# Prayers for Chelsey



## Koru (Sep 25, 2006)

I haven't been here long, so I'm sorry if I'm not posting in the right place, but I read Sandy's update on Chelsey Campbell's CarePage today and wished more than anything that I could have been in the same room, praying along with them. My faith is not an 'in-your-face' kind, it's more personal, private, and not pushy, so this post is not so easy for me to make.

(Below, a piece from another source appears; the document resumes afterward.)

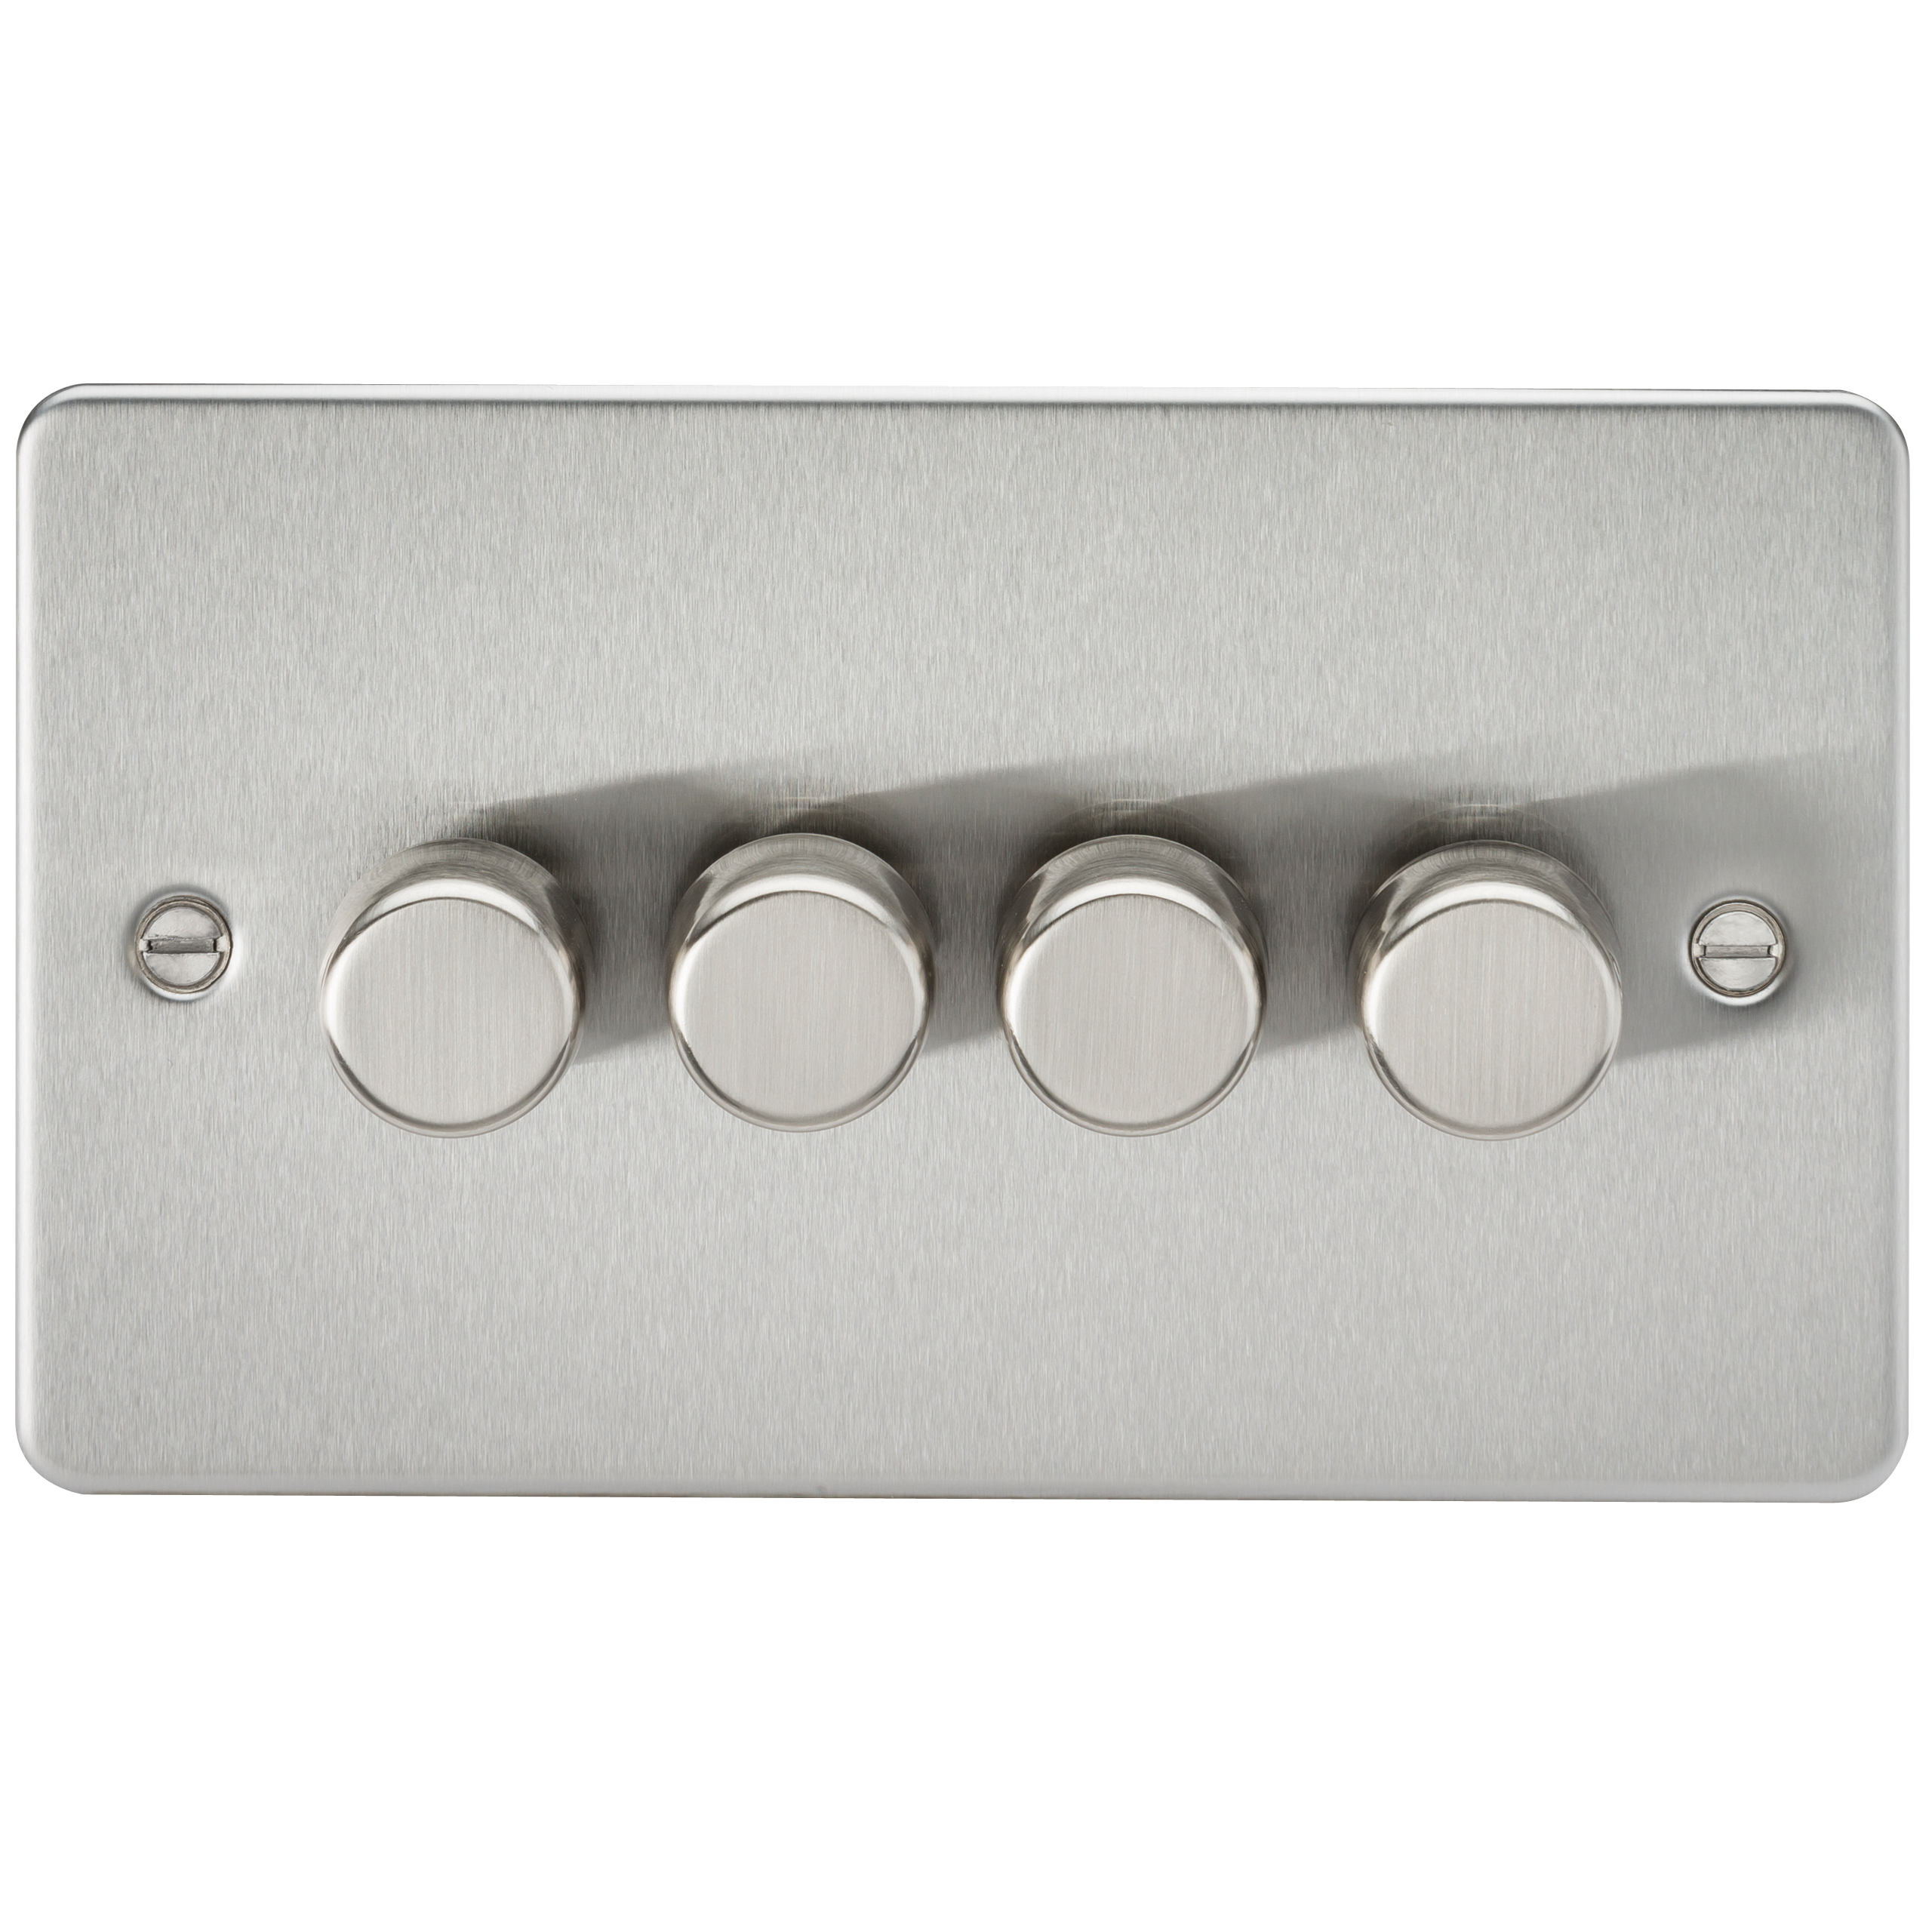 FLAT PLATE 4G 2 WAY 40-400W DIMMER - BRUSHED CHROME - FP2174BC

Distance is hard but at least no matter where I am, I can pray and funnily enough, it's The Lord's Prayer that I say before I ask for help or guidance... so Chelsey, here it is for you, with you...

The Lord's Prayer
_Our Father which art in heaven, Hallowed be thy name. Thy kingdom come, Thy will be done in earth, as it is in heaven. Give us this day our daily bread. And forgive us our debts, as we forgive our debtors. And lead us not into temptation, but deliver us from evil: For thine is the kingdom, and the power, and the glory, for ever. Amen.

_ KJV

rosesm


----------



## Guest (Oct 6, 2006)

With you down there, and us up here, we've got the whole world covered in prayer for Chelsey and her family!

_Our Father which art in heaven, Hallowed be thy name. Thy kingdom come, Thy will be done in earth, as it is in heaven. Give us this day our daily bread. And forgive us our debts, as we forgive our debtors. And lead us not into temptation, but deliver us from evil: For thine is the kingdom, and the power, and the glory, for ever. Amen._

Lord, please give Chelsey and her family the strength and faith to persevere in their struggle, and may your will be done. ~ Amen.


----------



## activescrape (Jan 8, 2006)

Dear Koru, It is the spirit that leads you. I felt it as I read your post. Thank you for sharing and caring.


----------



## Soaknwet (Jun 20, 2006)

No matter where you live-north/south/east/west, Chelsey has brought a lot of love to our hearts. 

Our love and prayers are with you Chelsey.


----------